Exposure to common antibiotics used to treat respiratory infections can increase resistance to the drugs, Belgian scientists said.
/ Source: Reuters

Exposure to common antibiotics used to treat respiratory infections can increase resistance to the drugs, Belgian scientists said on Friday.

The emergence of bacteria that do not respond to antibiotics is a major health problem. Overuse of the drugs has been blamed for the development of so-called superbugs which are resistant to the most powerful antibiotics.

But trying to prove it has been difficult.

In a study that looked at the impact of the drugs on individuals, Professor Herman Goossens of University Hospital in Antwerp showed a single course of a drug can lead to a build-up in resistance.

“Exposure to the antibiotics was the strongest variable and this was independently associated with resistance,” said Goossens, a microbiologist.

He and his team analyzed the use of macrolide antibiotics, widely used drugs in primary care to treat ear, throat and lung infections.

The scientists, who reported the findings in The Lancet medical journal, compared two macrolide antibiotics — clarithromycin and azithromycin — against a placebo, or dummy pill, on more than 200 healthy volunteers.

They took several samples of bacteria from the volunteers before and up to six months after giving them antibiotics. The levels of resistant bacteria rose following the drug treatment.
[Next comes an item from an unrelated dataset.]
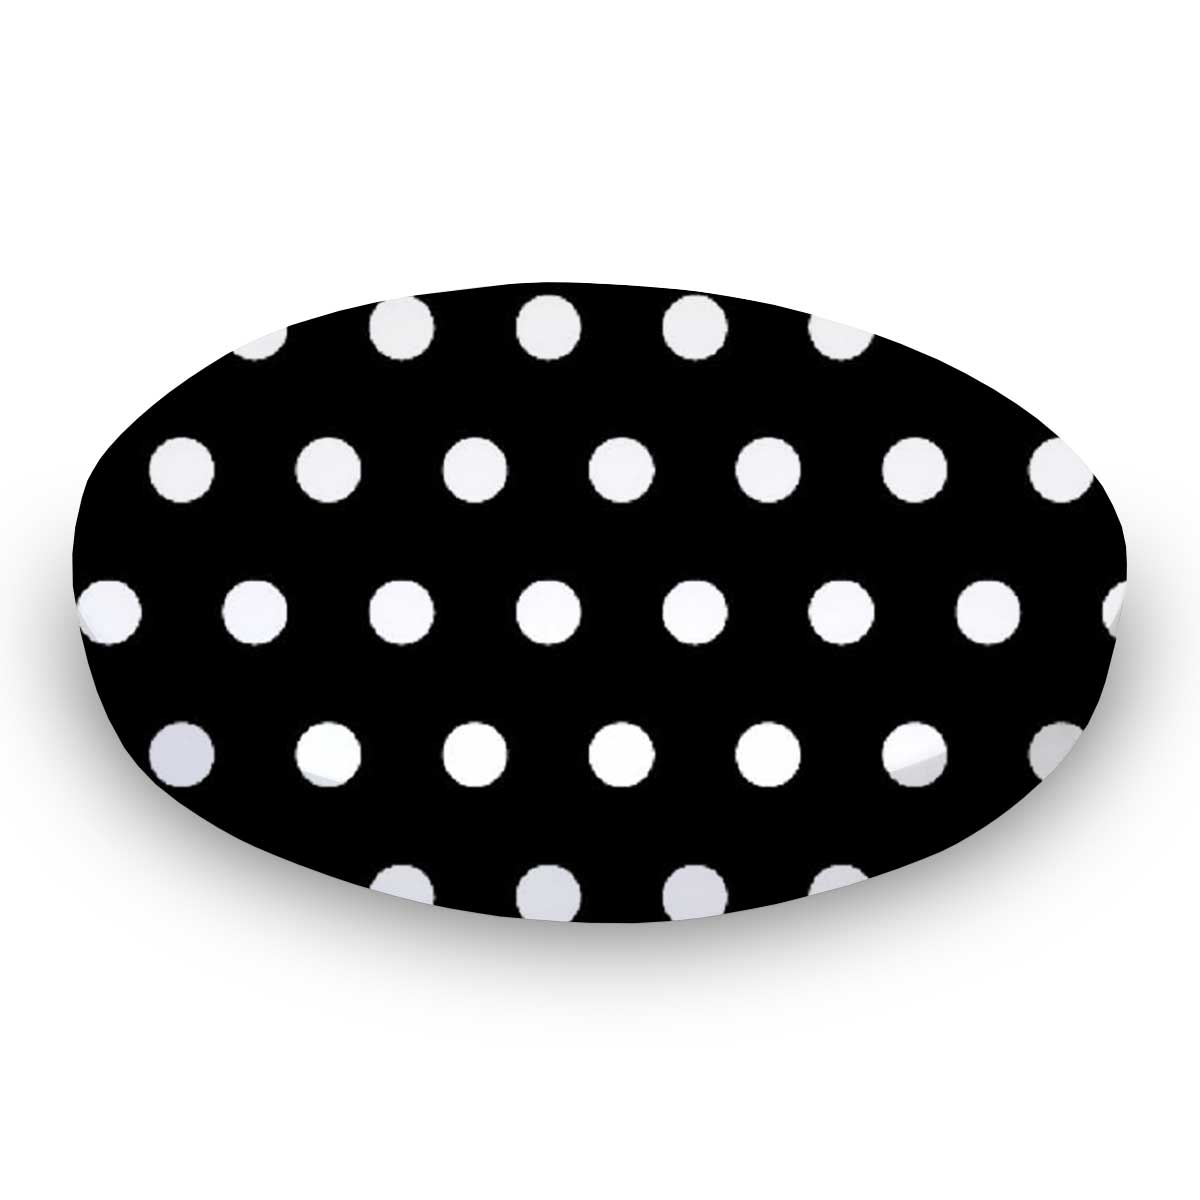 Oval Crib (Stokke Sleepi) - Polka Dots Black - Fitted  Oval

“We have clearly defined, at the individual level, the direct effect of antibiotic use in selecting resistant organisms,” Goossens told Reuters.

Stephanie Dancer of Southern General Hospital in Glasgow, Scotland, said the scientists should be commended for their careful approach.

“We now have strengthened evidence for the links between antibiotic use and resistance,” she said in a commentary in the journal.